Wednesday, 19 December 2012 at 4:26 pm

As the gap among various disciplines of science get shorter, researchers are starting to see that problems in one field can be answered in another. And these similar concepts are just presented in a different context. Information and complexity are not concepts exclusive to the fields of mathematics or engineering. 

Looking at the universe through the lense of information gives us another perspective of life. The data that makes up each of us is enormous. How would we even come up with the "data" that describes each of us? A recording of every atom in our body? (Star Trek transporters apparently can do this). However, all of the "data" that makes up us is algorithmically compressed into our DNA. If we take the universe as a giant computer (turing machine) and our DNA as the source code, we are the output. 

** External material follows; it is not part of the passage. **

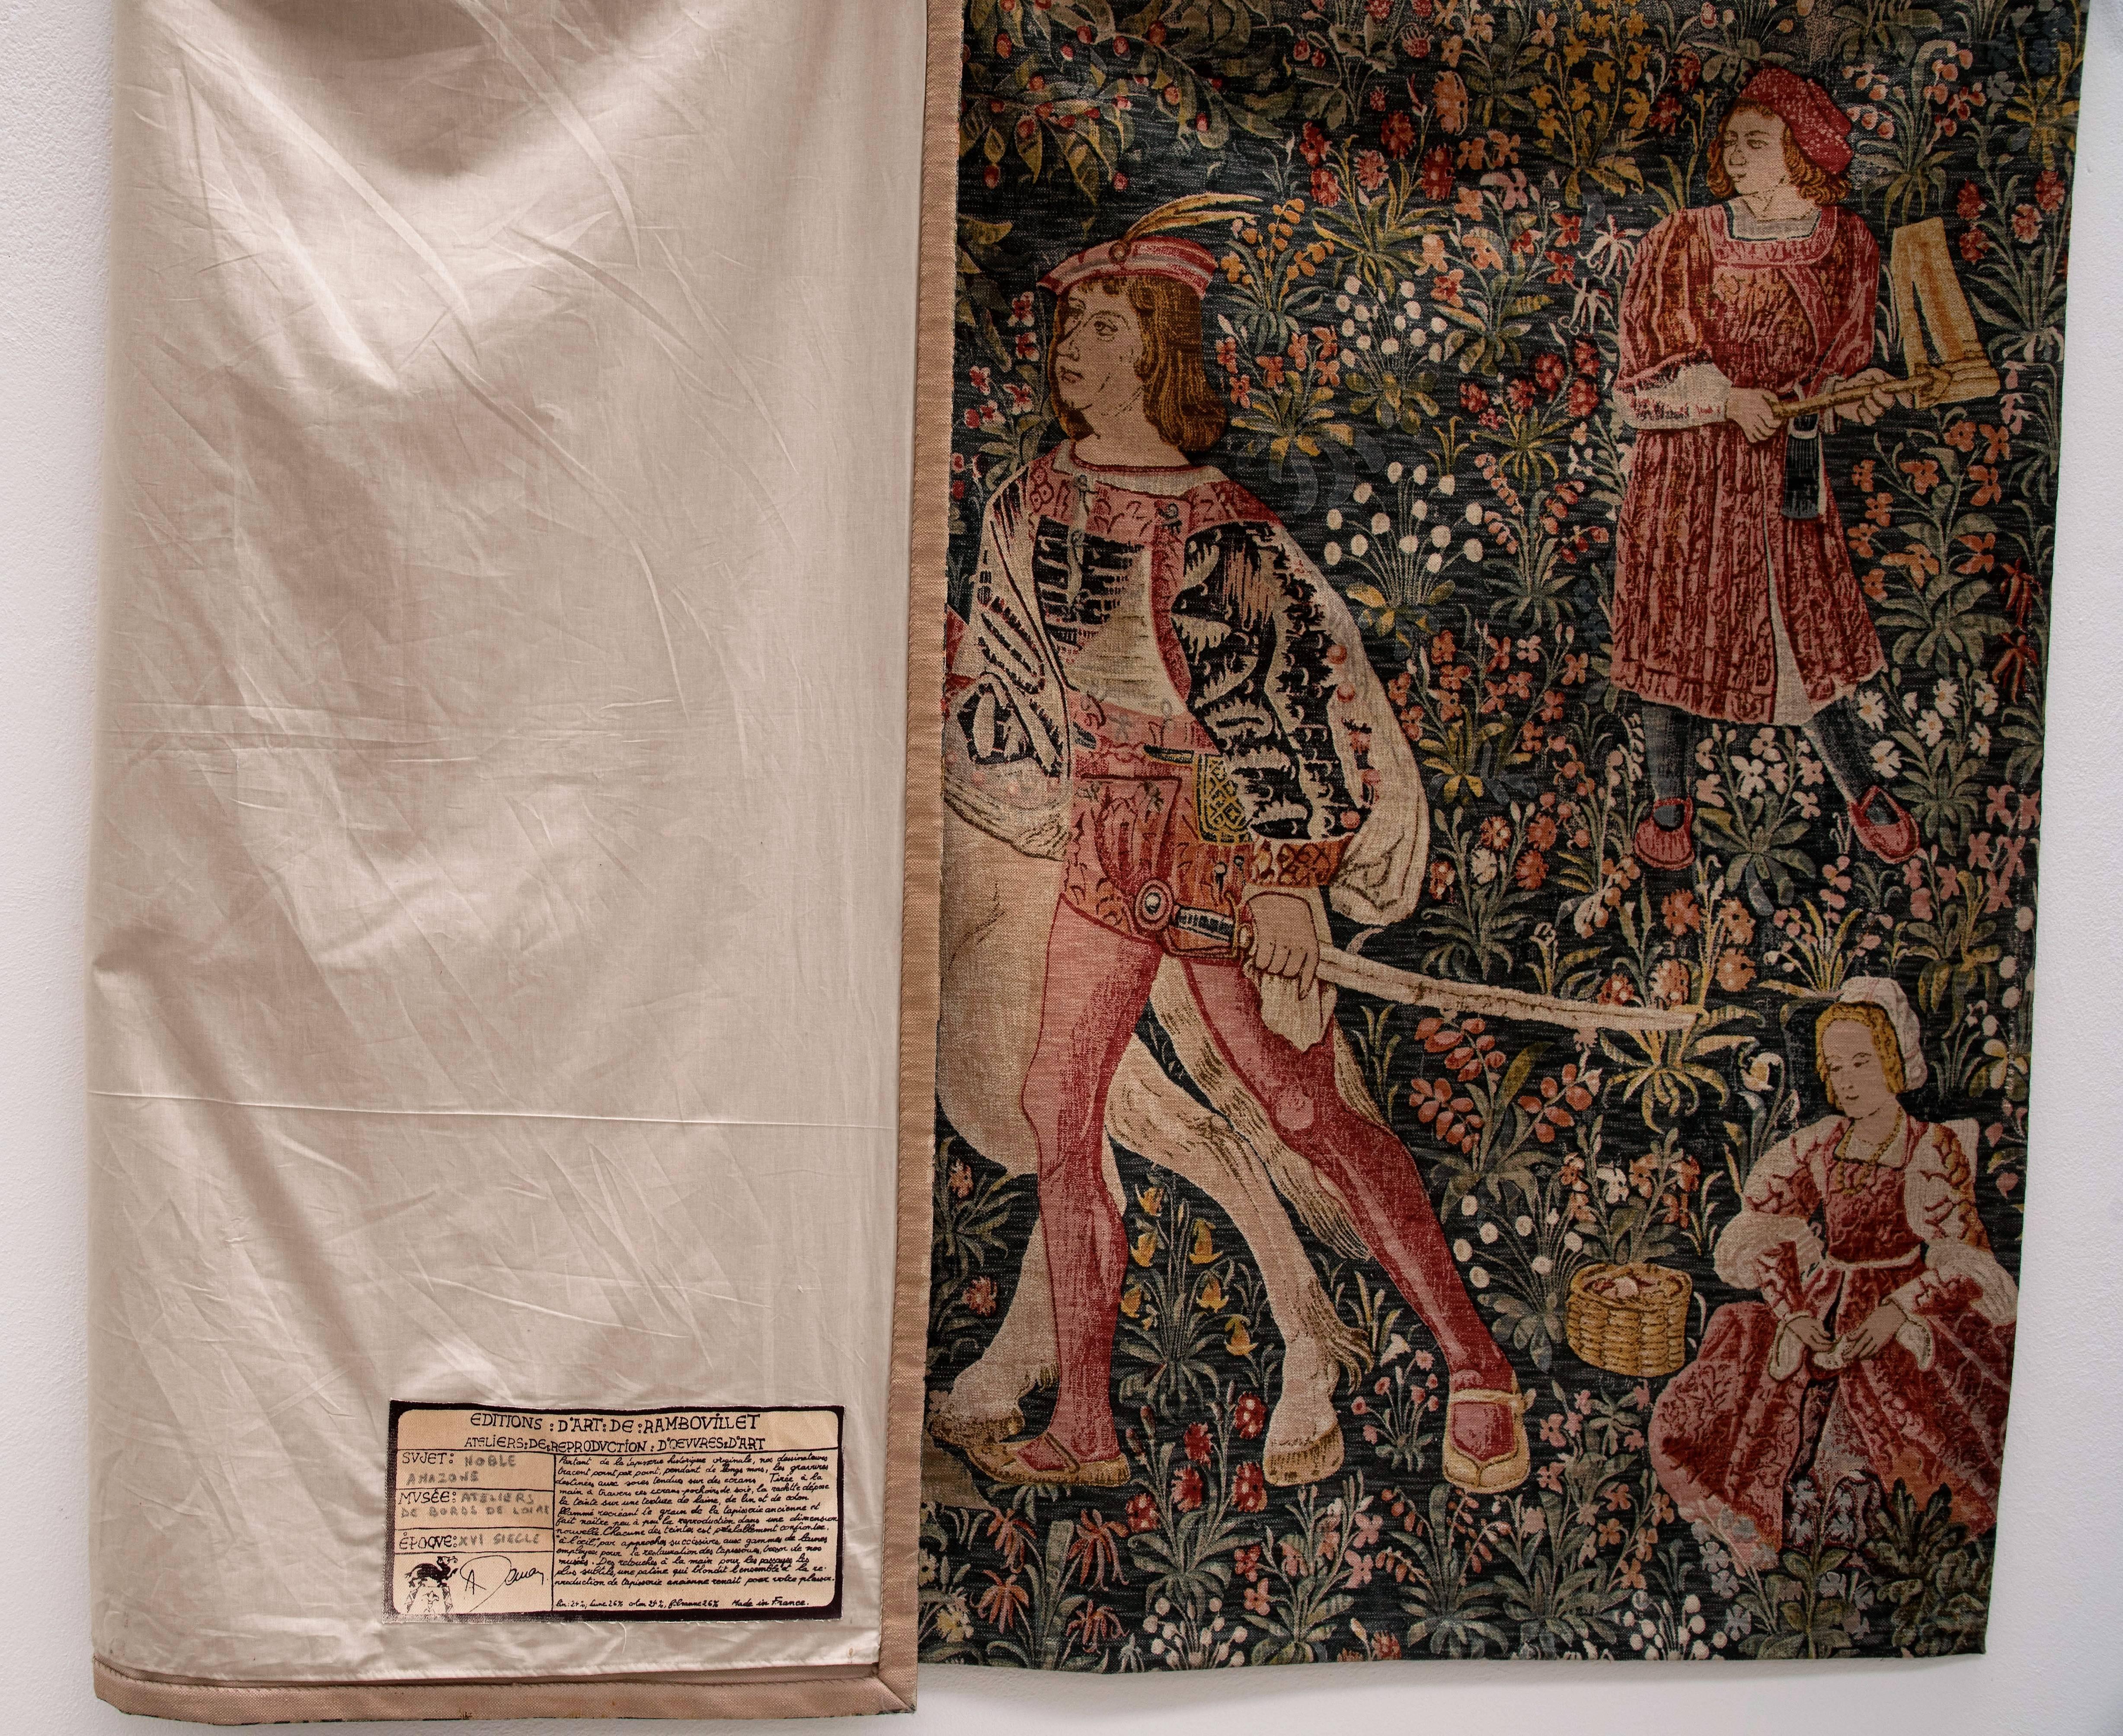 Beautiful French wall tapestry with 16th century representation, manufactured by Ateliers d'Art Rambouillet.

Geneticists are essentially studying how this compression algorithm works. This post will touch on how concepts of algorithmic complexity, data compression, and similarity distances can be applied to biological data.

Algorithmic complexity

From my previous post on information theory, I've presented that the information/complexity of a message reflects the entropy of the system that emitted that message. Getting a result of 2 from rolling a six-sided die contains more information than getting a result of 2 from a three-sided die because there were 6 possible results (more entropy) in the first case versus 3 possible results from the second case. The sequence of a gene with 6 alleles in the population contains more information than the sequence of a gene with 3 alleles in the population.

An off-shoot of information theory is algorithmic information. It measures information in a different way. The algorithmic complexity (also known as Kolmogorov complexity) of a piece of data is the size of the smallest possible program that can generate the data given that the same coding language is used consistently.

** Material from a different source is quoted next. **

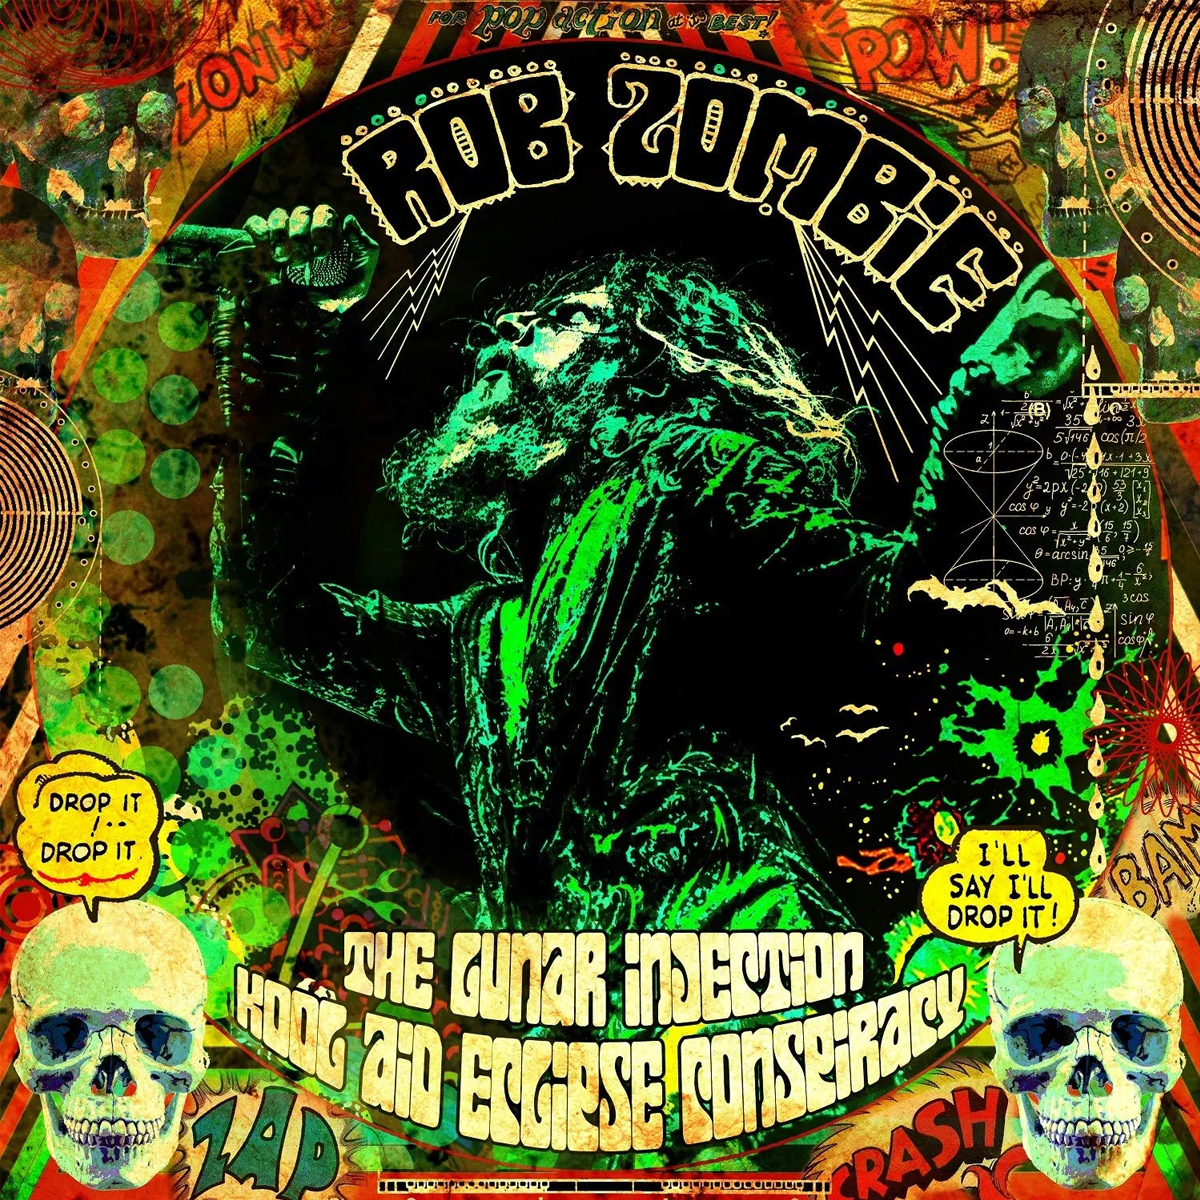 ROB ZOMBIE - The Lunar Injection Kool Aid Eclipse Conspiracy”

A very random piece of data will require a longer program to generate it versus an ordered piece of data. For example:

Data A. Random piece of data:           101 110 001 010 100 011 111
Data B. Ordered piece of data:          100 100 100 100 100 100 100

The worst program you can write for any piece of data is just a program that outputs the exact same data. For example here is a program for outputting Data A (in python):

print '101 110 001 010 100 011 111'

Pretty dumb isn't it. If a piece of data is completely random, then the only way to output the data will be this worst case program. The algorithmic complexity of a completely random piece of data will be equal to the length of data plus constants that accounts for the programming language (the 'print' statement for example).

For data B, we can simply write (in python):

print '100' * 7 

One very important thing about algorithmic complexity is that there is no way to determine or calculate it. I won't go into exactly why (relates to Turing's halting problem). Intuitively, to determine the algorithmic complexity of a piece of data, we would need to know the absolute shortest algorithm to generate the data. There is simply no way to determine whether a given algorithm is the shortest. 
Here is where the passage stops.